*** Begin section ***
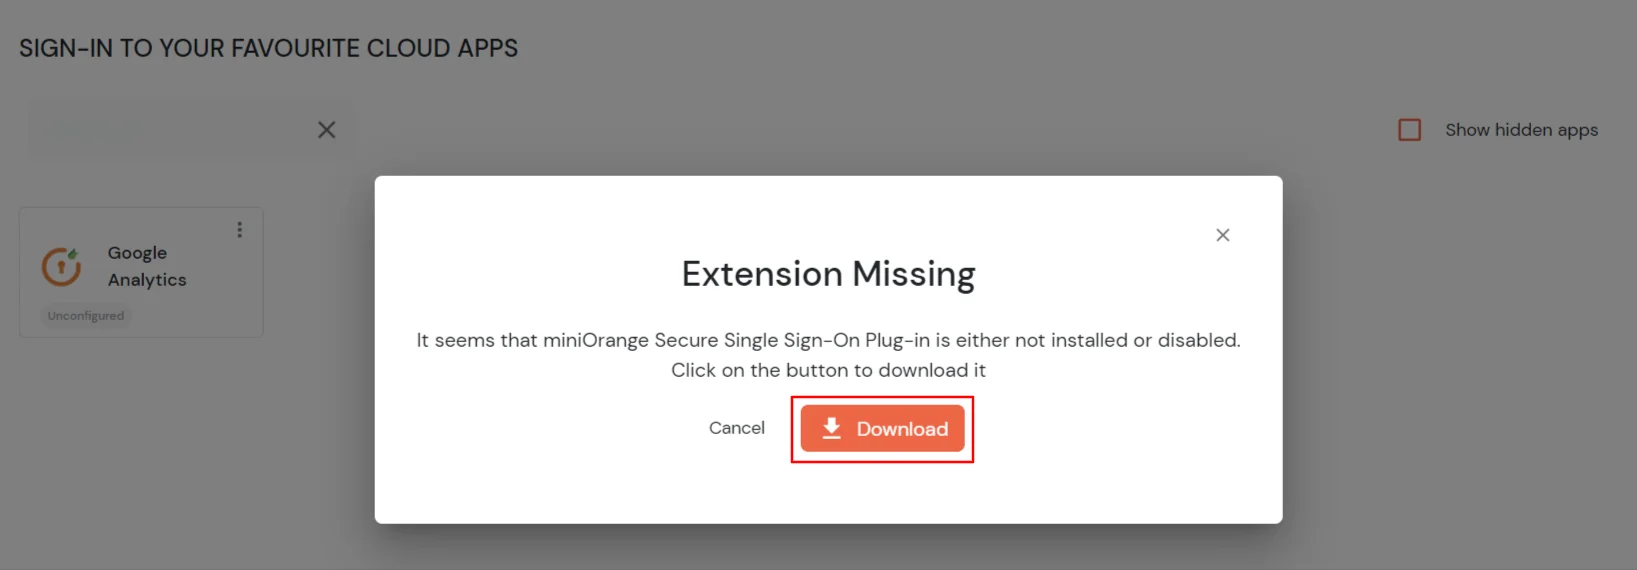 Google Analytics Single Sign-On (SSO) Download Extension 
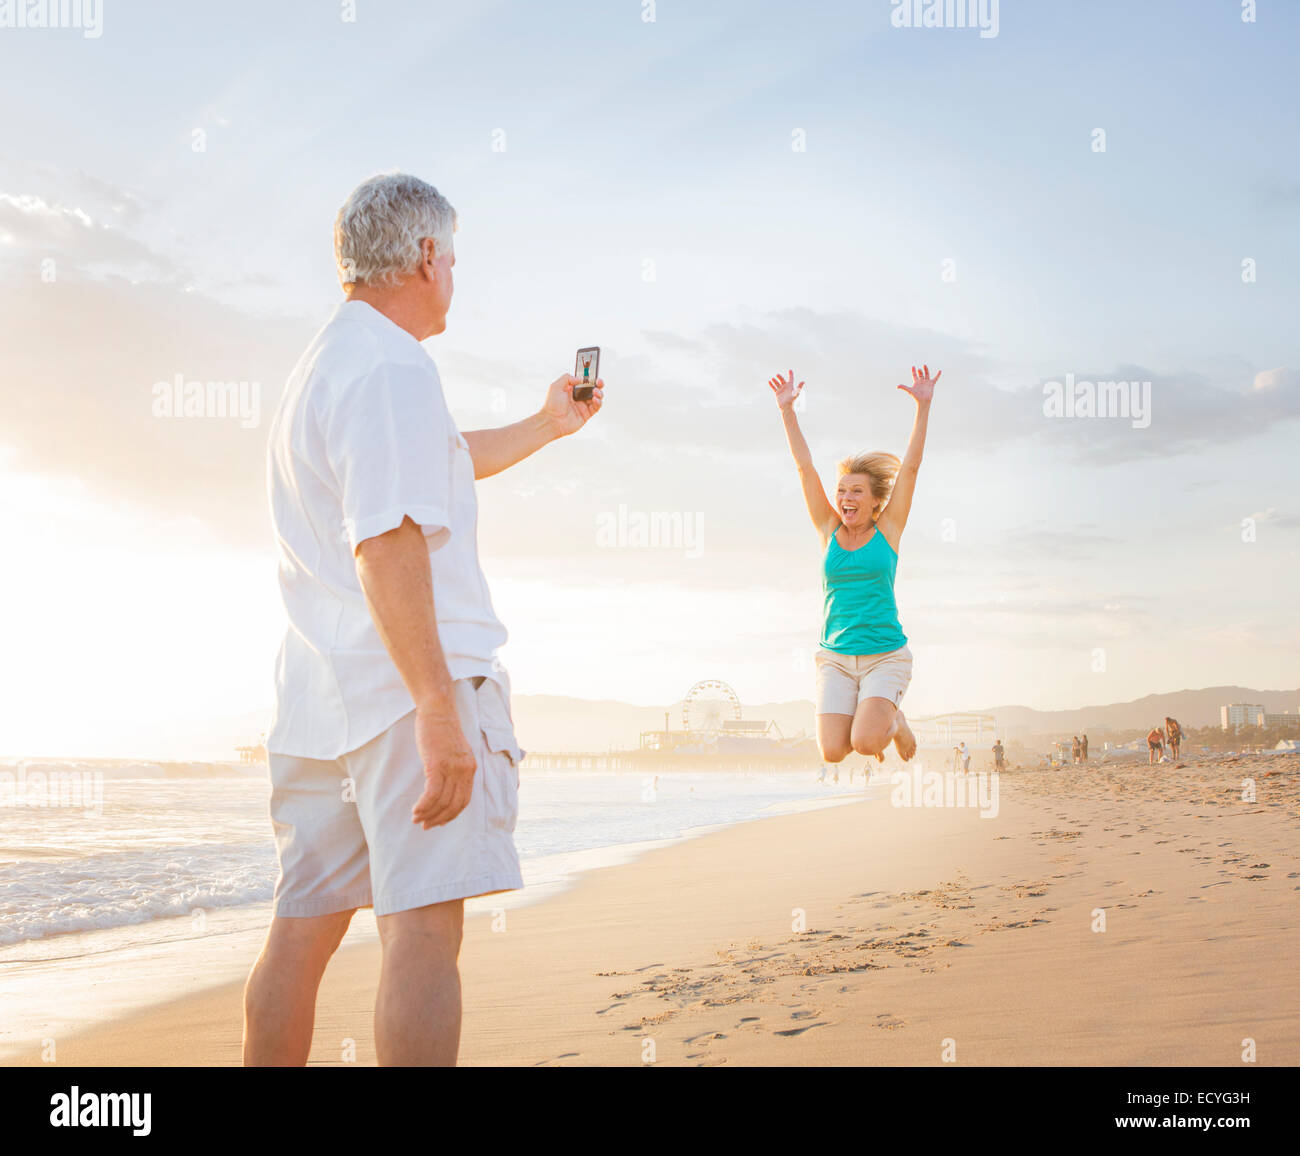 Caucasian man taking cell phone photograph of wife on beach Stock Photo
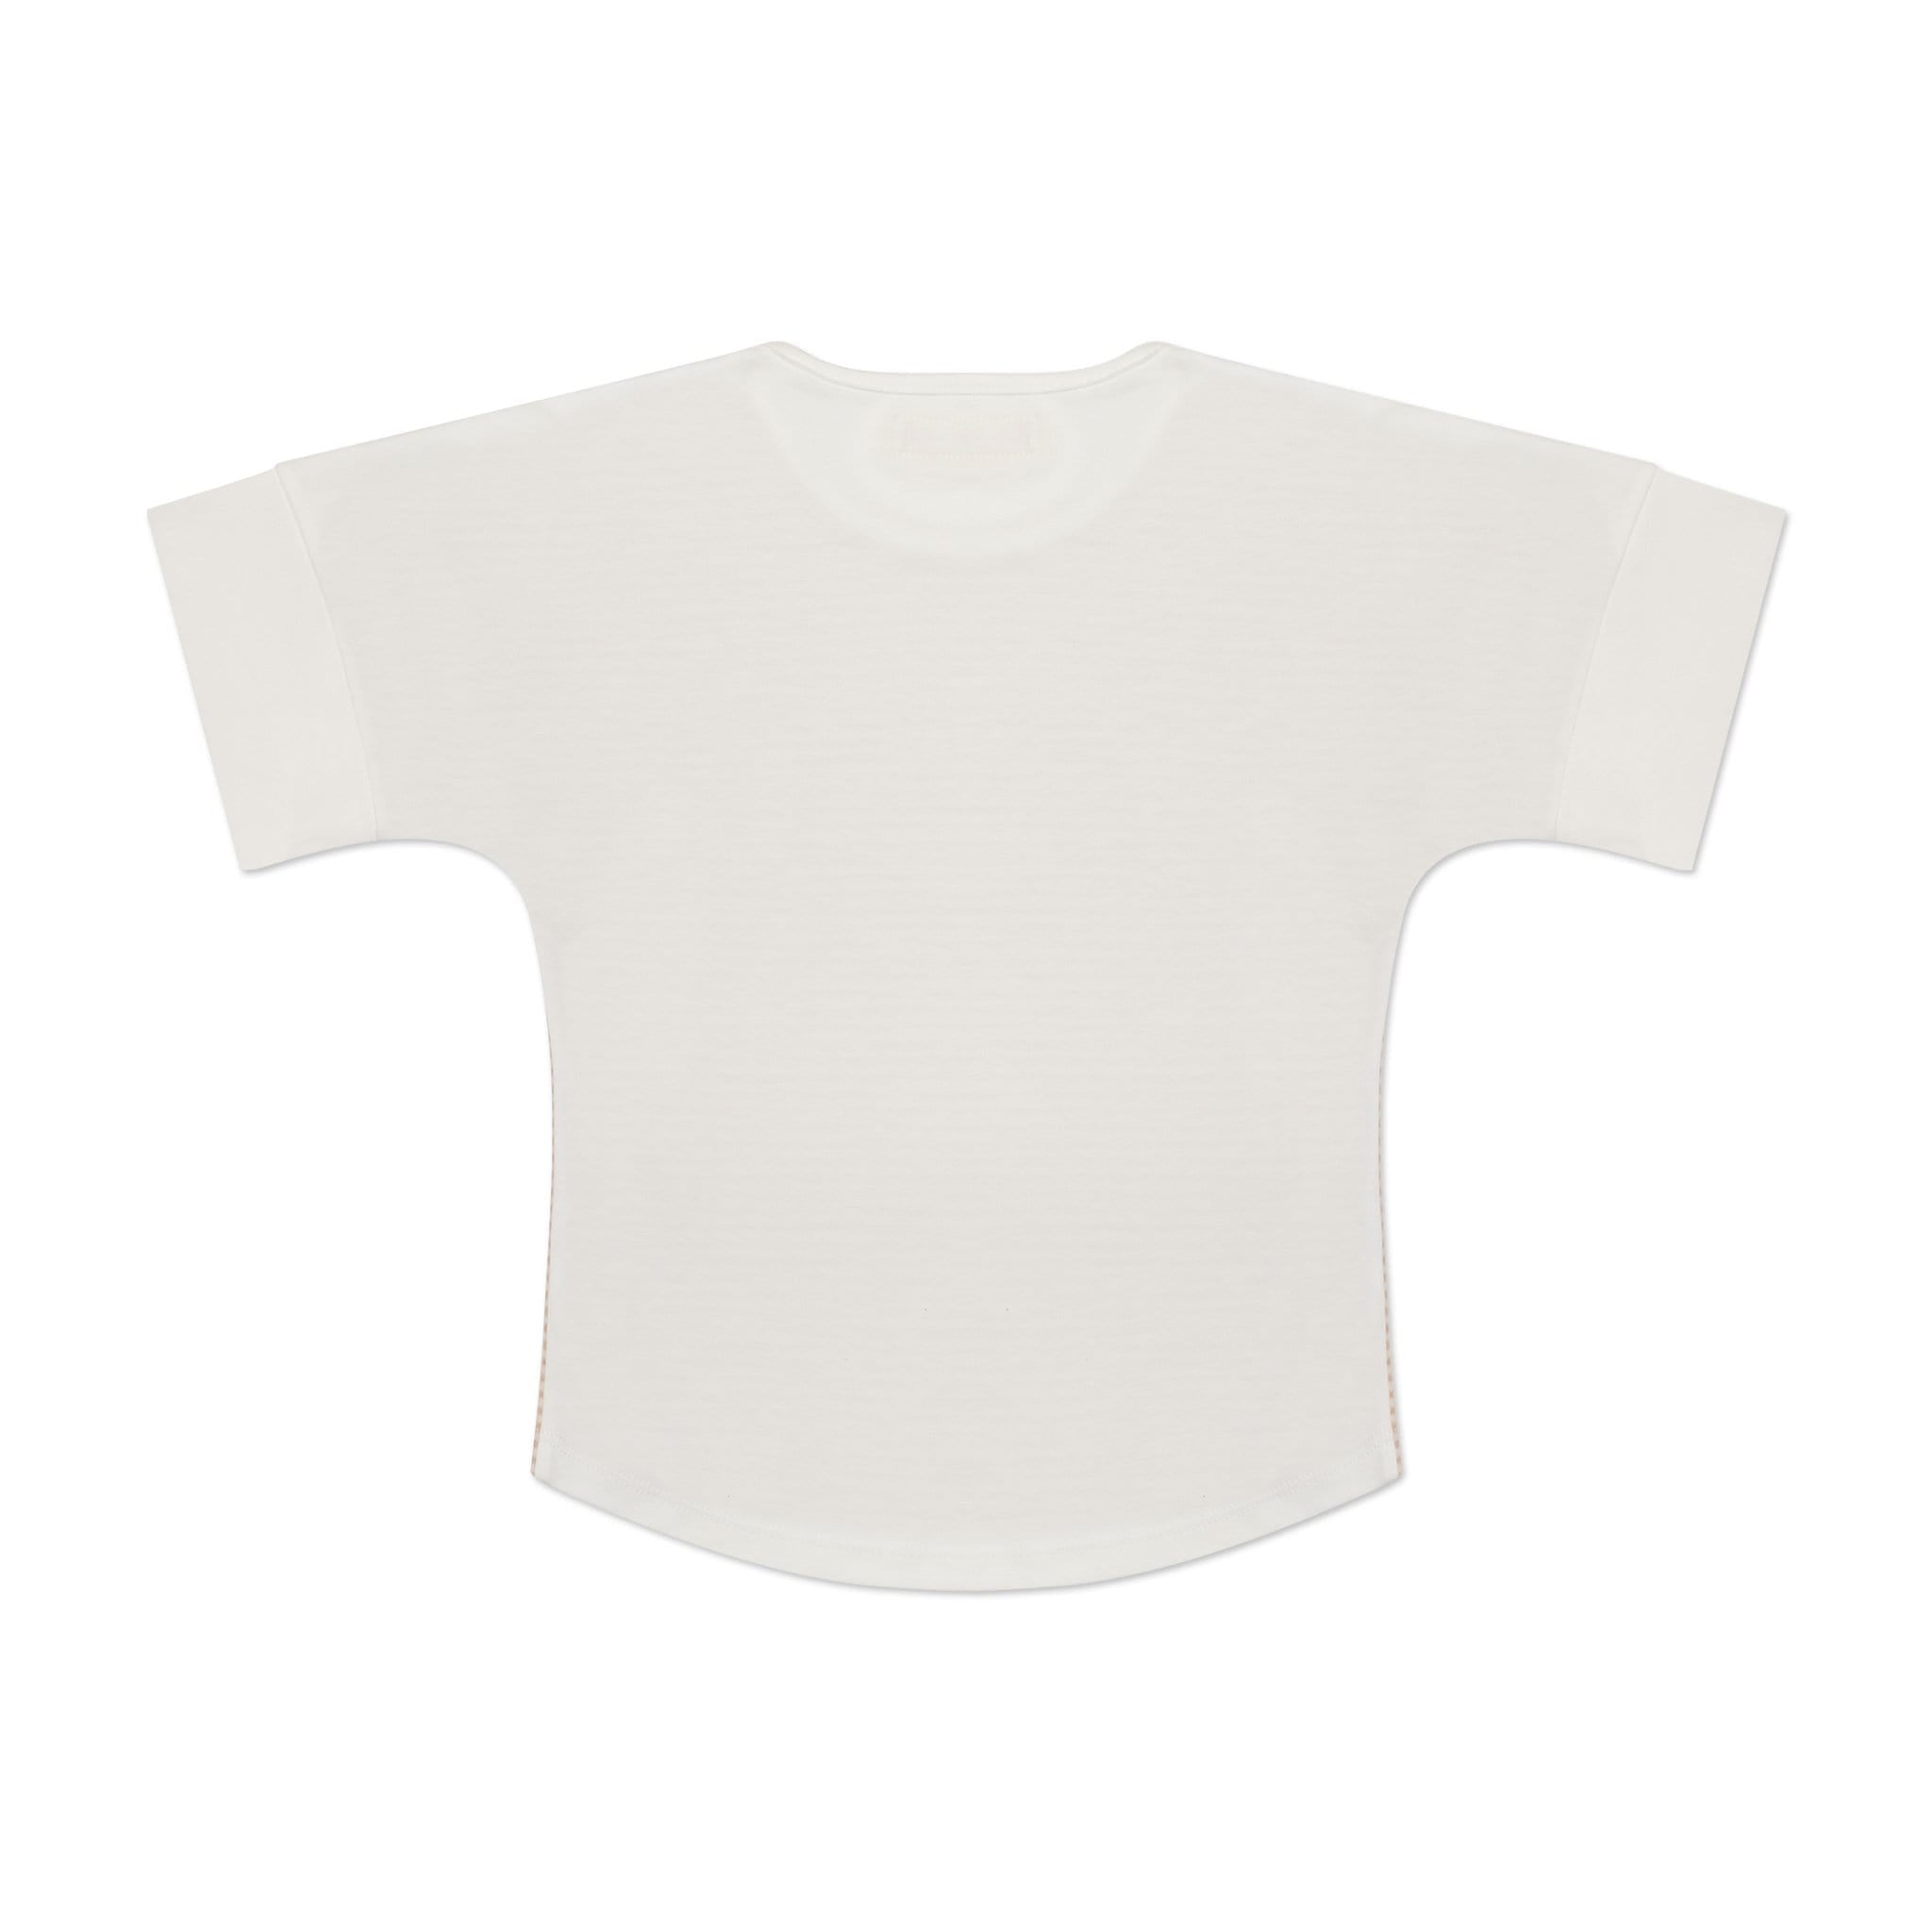 Girls organic cotton tee that is durable, sustainable, and eco-friendly. Natural beige stripes. 
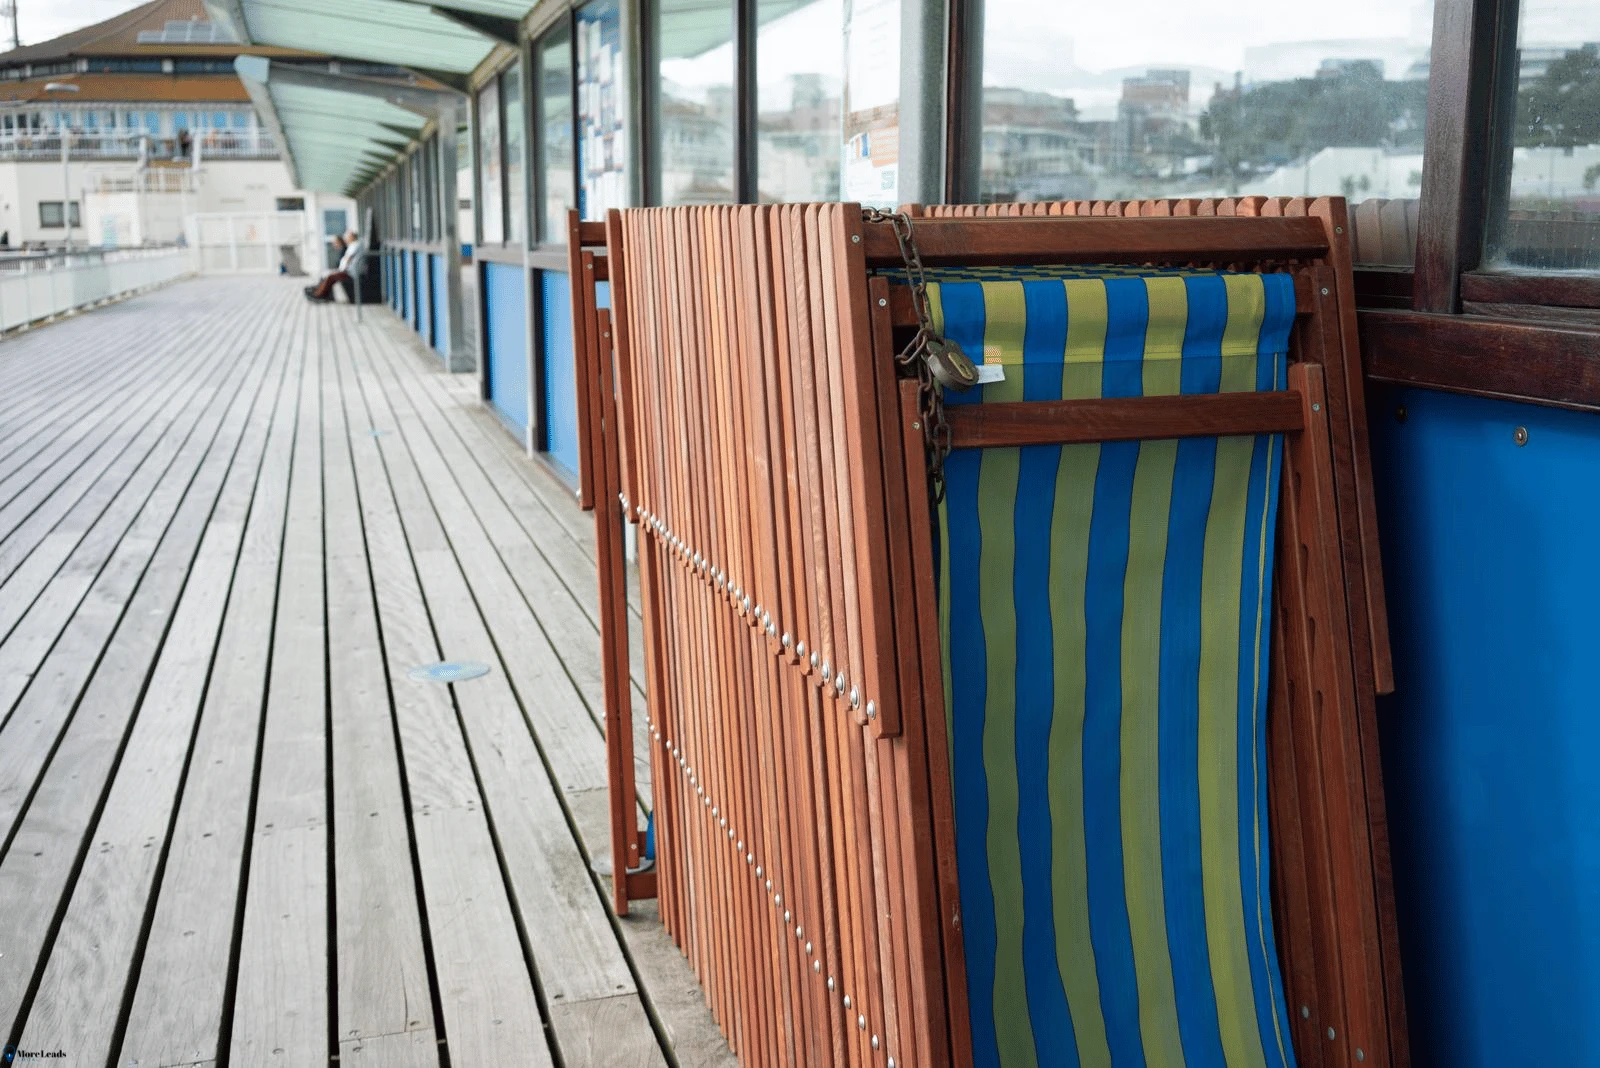 More Leads Local with Deck Chairs on Bournemouth Pier - Bringing SEO to businesses in Bournemouth.
*** End section ***
▶ **Problem description**:
Return the full listing exactly as written, without any of its images.

▶ **Written answer**:
 Google Analytics Single Sign-On (SSO) Download Extension 
 Caucasian man taking cell phone photograph of wife on beach Stock Photo
 Girls organic cotton tee that is durable, sustainable, and eco-friendly. Natural beige stripes. 
 More Leads Local with Deck Chairs on Bournemouth Pier - Bringing SEO to businesses in Bournemouth.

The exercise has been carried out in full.